Because I read through the application many times when developing it not too long ago, I cannot bear reading through and thoroughly explaining it again at this specific time and in this particular place. Rather, I will relate just a few items, most notably by way of the application’s illustrations, that I may not have touched on yet in Waggle Weight Wisdom and/or are not materially disclosed in the application. For starters, reference numbers 30 and 32 in Figure 1 show how without a secure melding together of the hands (a baseball style grip is shown) and without an actual (presumably straight) shaft extending through those hands, how different the axes through each hand can be.
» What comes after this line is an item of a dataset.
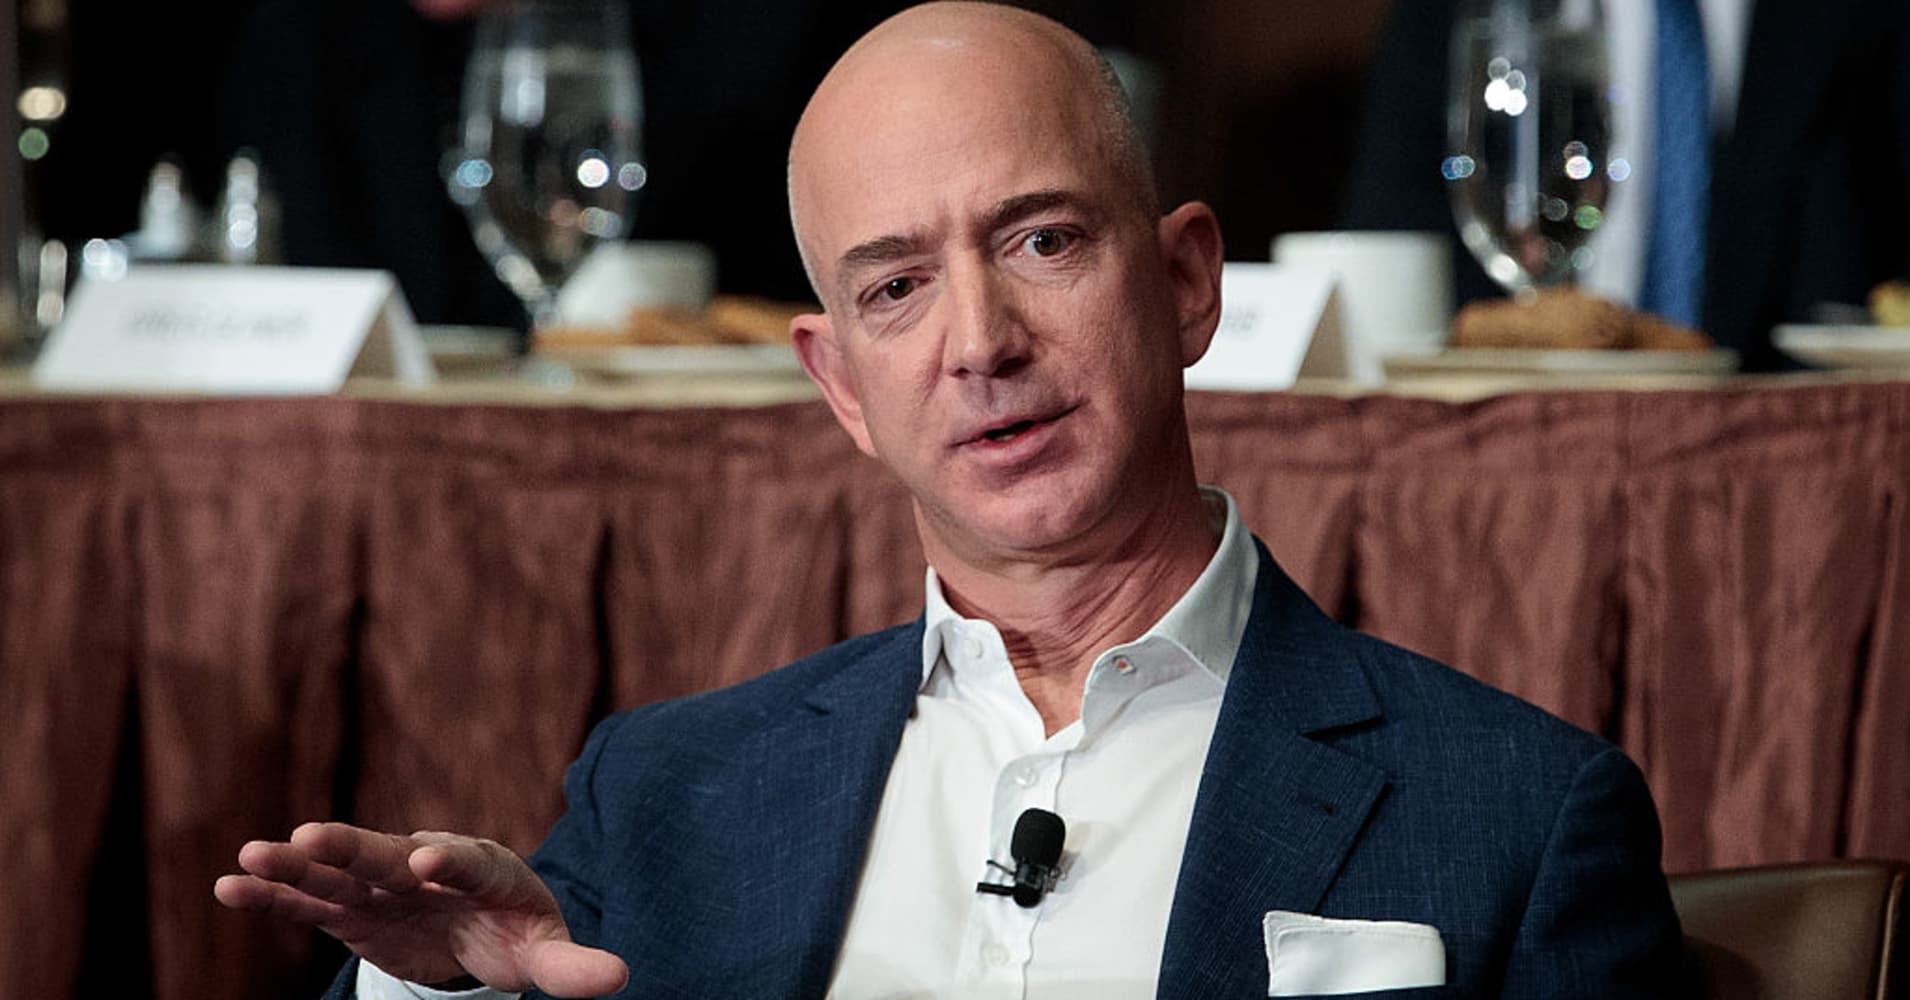 Jeff Bezos, Chairman and founder of Amazon

This alone would preclude a precise replication of a swing being made under limb-only circumstances compared to a swing made with a real club in hand, not even taking into account how independently the hands would move once an actual swing starts under limb-only conditions. Subsequently analyzing the completed overlapping grip of Figure 4 patently displays how the problem discovered in Figure 1 is efficiently solved.
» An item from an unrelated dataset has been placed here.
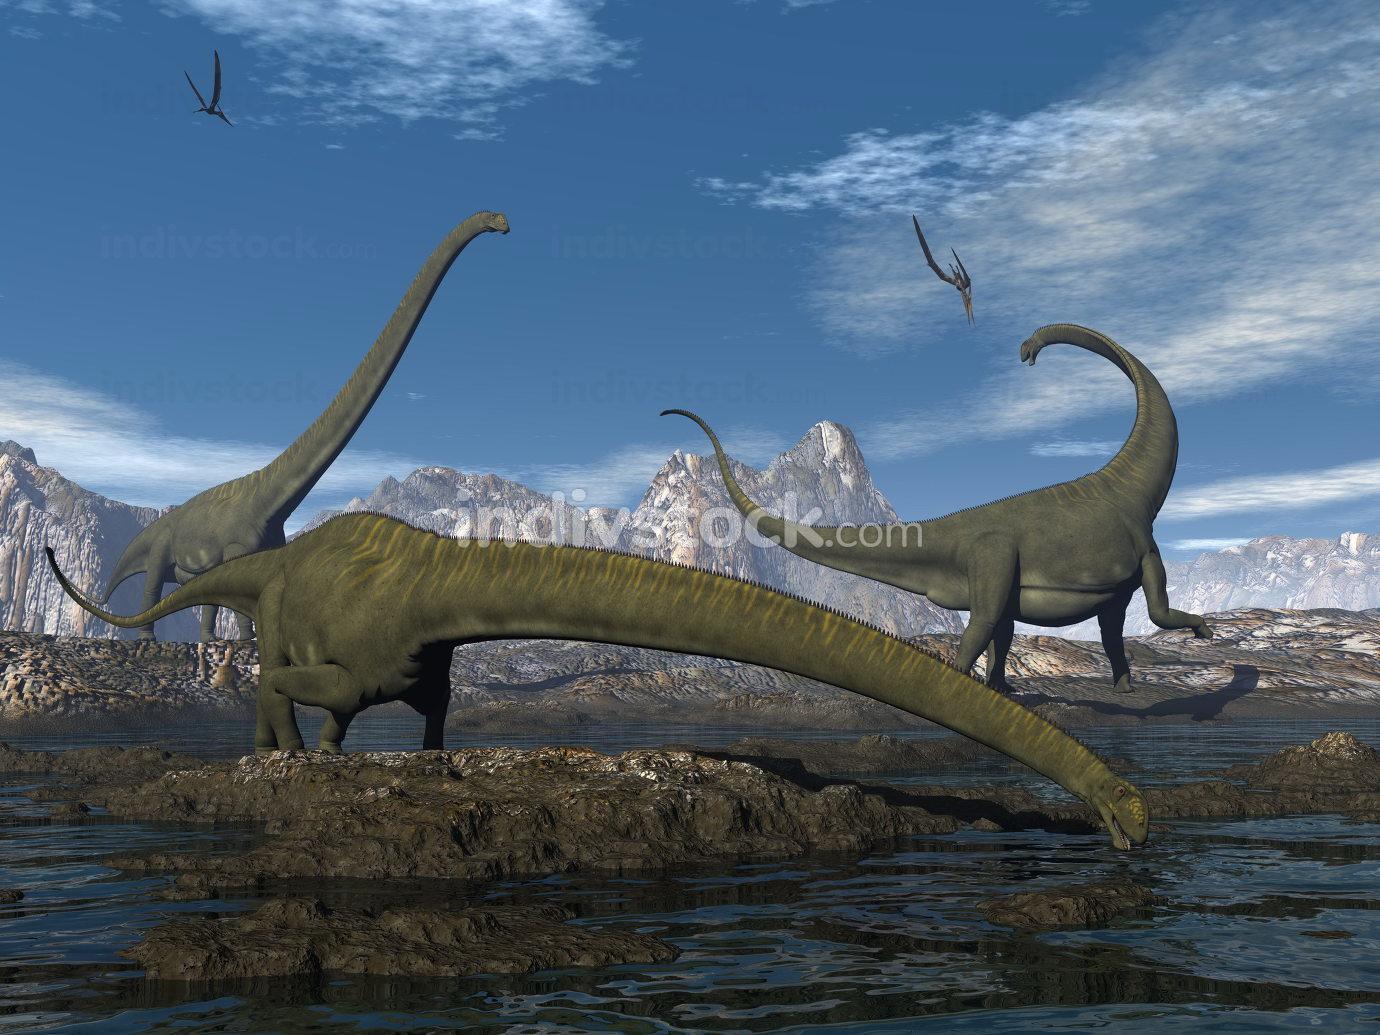 Mamenchisaurus dinosaurs walk and drink - 3D render

The application proceeds to explain some natural, expected differences existing within a limb-only gripping and swinging process, such as the top-hand fingers being curled up into the palm of the hand to substitute for a golf grip instead of being wrapped around the circumference of a grip if one were actually there, and the bottom-hand middle fingers being wrapped around the top-hand thumb instead of an actual grip if one were present. Such deviations are normal and even encouraged in order to most effectively transform between limb-only and real-club gripping and swinging states. As one’s wrists might be considered to be the last “hinge point” within a golf swing, one’s “swing coordination” will not be affected by such fingering modifications occurring beyond the wrists as long as the overall hand positions are the same relative to each other and to the rest of one’s body under both limb-only and real-club swinging conditions. Supported by the limb-only grip of Figure 4, one’s true swing (uninfluenced by external elements including [but not limited to] golf clubs) can be better analyzed, understood, and worked on as desired.
In Figures 6 through 23, yes, that is me and my swing, well at least pretty close to my swing. The drawing sequences were not frames extracted from a video as might be the norm. Rather, a simple still camera was used and I had to stop and try to hold my swing in mid motion to have photos taken of specific positions. Thus, in Figures 8 and 20 as examples, my left elbow really started to bend because I could not hold those positions for more than a moment. And on the downswings of Figures 9-10 and 21-22, certain things are not quite in the same positions (when stopping to pose) as they would be if comparable positions were extracted from an actual video of my swing. I admit I do not look at my own swing much, but all things considered I would say it looks just fine.
Actually, I was expecting the artist to draw a basic form of a golfer in the positions I had photographed. But what he did was literally draw me. He did not quite portray my nose long and pointed enough in Figures 12 through 17, but he did adjust it some. And if I had known in advance that he was going to draw me, perhaps I would have had the decency to tighten my belt a little more or find a longer sweater to wear. Figures 11 and 14 show clear signs that I was practicing the belly-tease style of golf swing that day. Satire aside, reality is often worse due to some ridiculous concepts adhered to by those who obviously believe a golf swing requires more talent than it really does. This includes classifying golfers into “swingers” or “hitters,” which even if provocative has virtually zero impact on the proper application of swing and/or clubfitting theory and practice. Fortunately, Waggle Weight Wisdom has no such delusions, can ask more unpretentious and relevant questions, and can better answer them, thus revealing the best golf fundamentals to date.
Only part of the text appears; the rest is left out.